:: ABOUT THIS EXERCISE ::
Wherever a line in the records below contains "pour", copy that line.

Stored dataset items
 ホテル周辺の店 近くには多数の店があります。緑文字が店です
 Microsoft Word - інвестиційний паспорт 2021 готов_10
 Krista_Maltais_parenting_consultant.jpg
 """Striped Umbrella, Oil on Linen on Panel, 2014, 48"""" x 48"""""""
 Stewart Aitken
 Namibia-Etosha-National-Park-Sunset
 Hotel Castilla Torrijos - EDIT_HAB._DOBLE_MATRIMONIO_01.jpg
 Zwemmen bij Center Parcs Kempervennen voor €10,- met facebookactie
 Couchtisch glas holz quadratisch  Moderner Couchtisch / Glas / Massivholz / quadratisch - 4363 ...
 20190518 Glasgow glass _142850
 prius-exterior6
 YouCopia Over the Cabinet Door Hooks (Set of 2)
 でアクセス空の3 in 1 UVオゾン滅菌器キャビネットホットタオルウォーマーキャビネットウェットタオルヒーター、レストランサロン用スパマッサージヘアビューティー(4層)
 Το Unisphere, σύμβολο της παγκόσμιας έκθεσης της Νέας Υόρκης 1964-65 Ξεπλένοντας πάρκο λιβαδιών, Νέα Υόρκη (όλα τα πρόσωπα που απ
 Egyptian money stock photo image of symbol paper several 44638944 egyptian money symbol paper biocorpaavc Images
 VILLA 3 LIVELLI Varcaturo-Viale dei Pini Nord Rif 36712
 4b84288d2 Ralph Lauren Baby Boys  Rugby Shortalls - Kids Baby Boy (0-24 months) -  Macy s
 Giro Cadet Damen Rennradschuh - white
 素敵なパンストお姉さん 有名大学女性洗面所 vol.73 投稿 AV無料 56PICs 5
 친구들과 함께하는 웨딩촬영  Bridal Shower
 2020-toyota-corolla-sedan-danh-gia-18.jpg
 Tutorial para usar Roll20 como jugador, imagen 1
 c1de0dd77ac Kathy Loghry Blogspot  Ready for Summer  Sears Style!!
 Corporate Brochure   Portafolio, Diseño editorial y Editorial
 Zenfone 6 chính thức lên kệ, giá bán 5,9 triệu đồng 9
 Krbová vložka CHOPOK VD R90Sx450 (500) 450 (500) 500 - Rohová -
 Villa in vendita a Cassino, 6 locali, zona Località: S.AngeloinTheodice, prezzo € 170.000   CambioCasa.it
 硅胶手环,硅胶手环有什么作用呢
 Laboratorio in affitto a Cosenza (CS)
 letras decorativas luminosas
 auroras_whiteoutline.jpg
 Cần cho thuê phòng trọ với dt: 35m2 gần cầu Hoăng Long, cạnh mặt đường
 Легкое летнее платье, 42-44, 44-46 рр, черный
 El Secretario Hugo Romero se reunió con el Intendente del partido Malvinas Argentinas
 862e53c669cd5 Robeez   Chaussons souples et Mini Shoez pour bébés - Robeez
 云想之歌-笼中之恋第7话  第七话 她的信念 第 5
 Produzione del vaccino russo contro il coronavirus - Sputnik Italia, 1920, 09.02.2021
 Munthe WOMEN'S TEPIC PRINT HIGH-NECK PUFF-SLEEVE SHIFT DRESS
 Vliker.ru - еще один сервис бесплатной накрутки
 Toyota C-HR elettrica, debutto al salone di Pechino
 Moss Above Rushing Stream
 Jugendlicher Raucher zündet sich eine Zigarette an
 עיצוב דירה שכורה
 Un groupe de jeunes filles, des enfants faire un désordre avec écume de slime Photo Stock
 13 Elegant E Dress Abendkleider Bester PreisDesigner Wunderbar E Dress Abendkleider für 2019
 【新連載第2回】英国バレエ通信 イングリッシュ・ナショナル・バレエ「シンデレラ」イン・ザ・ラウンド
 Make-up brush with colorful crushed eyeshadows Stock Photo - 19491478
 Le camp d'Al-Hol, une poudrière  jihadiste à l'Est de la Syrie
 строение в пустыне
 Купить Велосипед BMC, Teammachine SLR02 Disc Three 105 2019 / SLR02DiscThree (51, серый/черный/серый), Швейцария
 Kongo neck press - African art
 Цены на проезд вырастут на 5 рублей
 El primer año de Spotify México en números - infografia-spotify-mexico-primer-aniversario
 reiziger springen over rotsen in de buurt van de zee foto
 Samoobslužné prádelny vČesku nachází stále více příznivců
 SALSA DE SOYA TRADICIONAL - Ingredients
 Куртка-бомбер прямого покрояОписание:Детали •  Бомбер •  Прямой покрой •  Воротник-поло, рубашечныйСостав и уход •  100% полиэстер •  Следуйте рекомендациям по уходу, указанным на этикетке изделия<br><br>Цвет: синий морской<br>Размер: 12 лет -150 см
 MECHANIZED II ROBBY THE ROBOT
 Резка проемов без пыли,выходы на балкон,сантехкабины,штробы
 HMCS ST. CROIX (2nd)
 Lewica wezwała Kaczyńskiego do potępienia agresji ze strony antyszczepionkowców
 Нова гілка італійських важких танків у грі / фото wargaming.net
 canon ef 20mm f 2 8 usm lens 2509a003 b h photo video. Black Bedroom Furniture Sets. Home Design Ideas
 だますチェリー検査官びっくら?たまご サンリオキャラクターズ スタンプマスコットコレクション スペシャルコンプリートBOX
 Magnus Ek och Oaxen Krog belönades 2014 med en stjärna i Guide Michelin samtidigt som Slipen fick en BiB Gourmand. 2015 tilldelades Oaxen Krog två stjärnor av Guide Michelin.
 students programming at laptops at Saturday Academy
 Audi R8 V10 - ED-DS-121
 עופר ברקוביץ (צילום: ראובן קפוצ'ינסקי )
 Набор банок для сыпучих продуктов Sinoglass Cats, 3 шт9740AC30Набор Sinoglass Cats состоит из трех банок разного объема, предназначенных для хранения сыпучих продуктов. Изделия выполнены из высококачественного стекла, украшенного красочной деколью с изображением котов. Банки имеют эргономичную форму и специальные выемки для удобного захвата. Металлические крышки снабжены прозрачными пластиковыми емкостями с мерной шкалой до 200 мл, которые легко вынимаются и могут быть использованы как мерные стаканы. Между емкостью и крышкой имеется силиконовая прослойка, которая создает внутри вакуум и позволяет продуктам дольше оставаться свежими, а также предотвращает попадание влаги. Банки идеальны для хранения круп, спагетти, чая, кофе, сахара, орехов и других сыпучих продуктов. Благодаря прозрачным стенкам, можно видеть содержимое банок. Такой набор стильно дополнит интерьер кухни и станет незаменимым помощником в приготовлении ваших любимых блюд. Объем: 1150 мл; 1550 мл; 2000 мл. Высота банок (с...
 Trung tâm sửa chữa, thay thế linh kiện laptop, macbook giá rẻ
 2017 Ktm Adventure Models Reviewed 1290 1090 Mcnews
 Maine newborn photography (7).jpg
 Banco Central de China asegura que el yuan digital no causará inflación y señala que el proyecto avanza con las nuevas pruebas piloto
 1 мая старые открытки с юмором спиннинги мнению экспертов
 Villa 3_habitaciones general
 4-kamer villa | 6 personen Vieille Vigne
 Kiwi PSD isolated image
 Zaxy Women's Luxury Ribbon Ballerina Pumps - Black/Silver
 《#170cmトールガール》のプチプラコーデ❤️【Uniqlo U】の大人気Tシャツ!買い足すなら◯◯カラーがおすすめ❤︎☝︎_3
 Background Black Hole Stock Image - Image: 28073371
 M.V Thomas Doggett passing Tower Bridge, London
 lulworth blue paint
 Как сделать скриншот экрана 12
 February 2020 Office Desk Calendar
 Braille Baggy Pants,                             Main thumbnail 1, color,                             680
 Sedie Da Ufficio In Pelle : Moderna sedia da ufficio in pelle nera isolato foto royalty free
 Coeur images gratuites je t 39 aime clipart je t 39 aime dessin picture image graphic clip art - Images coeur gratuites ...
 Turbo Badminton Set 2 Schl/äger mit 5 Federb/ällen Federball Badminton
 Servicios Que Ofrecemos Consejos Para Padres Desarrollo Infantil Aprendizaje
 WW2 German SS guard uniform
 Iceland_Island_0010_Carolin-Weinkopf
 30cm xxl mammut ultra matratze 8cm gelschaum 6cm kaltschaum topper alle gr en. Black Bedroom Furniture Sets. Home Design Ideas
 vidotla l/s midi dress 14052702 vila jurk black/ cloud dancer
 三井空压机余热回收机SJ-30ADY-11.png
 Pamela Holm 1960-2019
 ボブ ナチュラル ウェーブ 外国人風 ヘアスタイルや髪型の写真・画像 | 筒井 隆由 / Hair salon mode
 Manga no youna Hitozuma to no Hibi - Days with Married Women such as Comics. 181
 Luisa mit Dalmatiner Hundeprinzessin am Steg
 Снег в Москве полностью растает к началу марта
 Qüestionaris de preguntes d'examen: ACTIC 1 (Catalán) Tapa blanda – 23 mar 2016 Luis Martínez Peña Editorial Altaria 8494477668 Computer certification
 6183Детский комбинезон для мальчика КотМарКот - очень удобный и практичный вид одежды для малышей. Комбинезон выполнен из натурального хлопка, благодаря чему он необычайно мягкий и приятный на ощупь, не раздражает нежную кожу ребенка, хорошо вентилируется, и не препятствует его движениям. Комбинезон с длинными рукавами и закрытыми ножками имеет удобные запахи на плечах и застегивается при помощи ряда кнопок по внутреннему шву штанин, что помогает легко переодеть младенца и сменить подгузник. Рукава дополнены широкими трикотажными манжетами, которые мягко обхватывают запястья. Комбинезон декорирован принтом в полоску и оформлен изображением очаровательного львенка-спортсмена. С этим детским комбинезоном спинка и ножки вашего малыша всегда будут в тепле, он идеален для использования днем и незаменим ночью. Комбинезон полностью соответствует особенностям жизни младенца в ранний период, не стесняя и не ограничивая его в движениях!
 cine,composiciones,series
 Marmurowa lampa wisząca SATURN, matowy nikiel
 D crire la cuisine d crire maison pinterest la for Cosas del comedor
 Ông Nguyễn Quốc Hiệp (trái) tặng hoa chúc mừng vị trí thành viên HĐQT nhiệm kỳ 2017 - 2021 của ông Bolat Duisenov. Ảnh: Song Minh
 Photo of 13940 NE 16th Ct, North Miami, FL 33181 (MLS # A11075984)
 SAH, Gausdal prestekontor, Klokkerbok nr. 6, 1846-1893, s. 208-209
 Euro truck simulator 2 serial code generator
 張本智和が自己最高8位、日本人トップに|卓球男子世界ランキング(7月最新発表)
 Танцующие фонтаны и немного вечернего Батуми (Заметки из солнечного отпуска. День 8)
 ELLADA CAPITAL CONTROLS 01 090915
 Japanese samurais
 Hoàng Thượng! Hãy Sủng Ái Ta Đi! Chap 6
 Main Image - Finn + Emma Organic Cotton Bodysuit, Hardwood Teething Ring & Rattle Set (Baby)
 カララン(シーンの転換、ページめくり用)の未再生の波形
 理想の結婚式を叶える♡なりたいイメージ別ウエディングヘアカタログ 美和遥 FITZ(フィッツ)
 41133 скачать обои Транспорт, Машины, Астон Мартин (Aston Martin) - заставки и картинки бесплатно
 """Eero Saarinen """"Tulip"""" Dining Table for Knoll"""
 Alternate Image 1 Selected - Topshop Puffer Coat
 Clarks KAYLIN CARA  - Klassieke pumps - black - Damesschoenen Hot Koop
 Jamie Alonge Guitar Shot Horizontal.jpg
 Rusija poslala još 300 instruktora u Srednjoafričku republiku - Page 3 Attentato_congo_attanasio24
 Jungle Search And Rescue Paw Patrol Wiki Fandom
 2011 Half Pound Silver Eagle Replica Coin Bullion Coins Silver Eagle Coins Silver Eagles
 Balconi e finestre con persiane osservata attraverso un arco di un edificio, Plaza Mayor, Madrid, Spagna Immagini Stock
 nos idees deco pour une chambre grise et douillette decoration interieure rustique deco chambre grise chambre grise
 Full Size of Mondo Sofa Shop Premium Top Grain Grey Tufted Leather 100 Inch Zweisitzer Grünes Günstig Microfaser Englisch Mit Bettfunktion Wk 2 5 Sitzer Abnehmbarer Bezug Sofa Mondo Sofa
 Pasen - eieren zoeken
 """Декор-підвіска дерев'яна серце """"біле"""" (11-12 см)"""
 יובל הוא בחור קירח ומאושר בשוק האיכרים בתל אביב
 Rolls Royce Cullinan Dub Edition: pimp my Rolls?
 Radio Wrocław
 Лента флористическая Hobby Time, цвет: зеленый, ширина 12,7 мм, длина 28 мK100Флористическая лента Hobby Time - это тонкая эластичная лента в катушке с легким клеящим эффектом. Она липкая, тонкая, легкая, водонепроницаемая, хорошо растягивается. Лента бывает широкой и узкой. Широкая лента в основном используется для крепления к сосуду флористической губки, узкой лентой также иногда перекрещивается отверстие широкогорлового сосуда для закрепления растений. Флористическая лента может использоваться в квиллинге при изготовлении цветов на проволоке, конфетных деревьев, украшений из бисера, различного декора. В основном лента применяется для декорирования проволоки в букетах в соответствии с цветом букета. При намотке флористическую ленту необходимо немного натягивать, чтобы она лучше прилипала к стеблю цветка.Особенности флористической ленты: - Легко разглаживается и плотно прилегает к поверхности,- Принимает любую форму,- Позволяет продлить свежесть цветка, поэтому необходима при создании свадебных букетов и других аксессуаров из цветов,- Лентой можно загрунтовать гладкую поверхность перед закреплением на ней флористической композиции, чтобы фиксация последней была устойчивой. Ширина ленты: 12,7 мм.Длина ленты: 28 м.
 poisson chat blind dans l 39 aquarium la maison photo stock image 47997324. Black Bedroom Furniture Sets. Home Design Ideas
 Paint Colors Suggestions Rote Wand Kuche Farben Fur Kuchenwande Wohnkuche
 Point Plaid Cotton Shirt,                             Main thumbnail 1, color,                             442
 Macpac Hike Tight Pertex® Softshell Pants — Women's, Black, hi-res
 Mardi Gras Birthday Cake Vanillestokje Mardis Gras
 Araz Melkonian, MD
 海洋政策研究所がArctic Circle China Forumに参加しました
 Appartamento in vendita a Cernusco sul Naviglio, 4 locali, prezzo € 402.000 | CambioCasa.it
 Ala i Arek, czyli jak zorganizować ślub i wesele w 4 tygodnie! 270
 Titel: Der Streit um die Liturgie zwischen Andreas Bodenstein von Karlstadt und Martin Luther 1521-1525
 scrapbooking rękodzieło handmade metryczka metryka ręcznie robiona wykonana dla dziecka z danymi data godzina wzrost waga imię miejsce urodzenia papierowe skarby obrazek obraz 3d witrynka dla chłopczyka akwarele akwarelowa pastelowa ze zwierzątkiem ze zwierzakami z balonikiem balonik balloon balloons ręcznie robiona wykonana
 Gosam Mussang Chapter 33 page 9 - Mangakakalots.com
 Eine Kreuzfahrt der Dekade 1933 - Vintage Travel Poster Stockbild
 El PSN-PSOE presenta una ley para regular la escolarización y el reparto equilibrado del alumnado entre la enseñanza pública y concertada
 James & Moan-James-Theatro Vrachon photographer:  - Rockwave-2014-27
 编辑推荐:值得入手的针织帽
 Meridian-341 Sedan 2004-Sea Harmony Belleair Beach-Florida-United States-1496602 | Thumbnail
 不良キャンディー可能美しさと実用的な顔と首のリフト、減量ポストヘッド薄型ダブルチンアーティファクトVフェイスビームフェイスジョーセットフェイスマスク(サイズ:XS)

:: COMPLETED EXERCISE ::
 862e53c669cd5 Robeez   Chaussons souples et Mini Shoez pour bébés - Robeez
 nos idees deco pour une chambre grise et douillette decoration interieure rustique deco chambre grise chambre grise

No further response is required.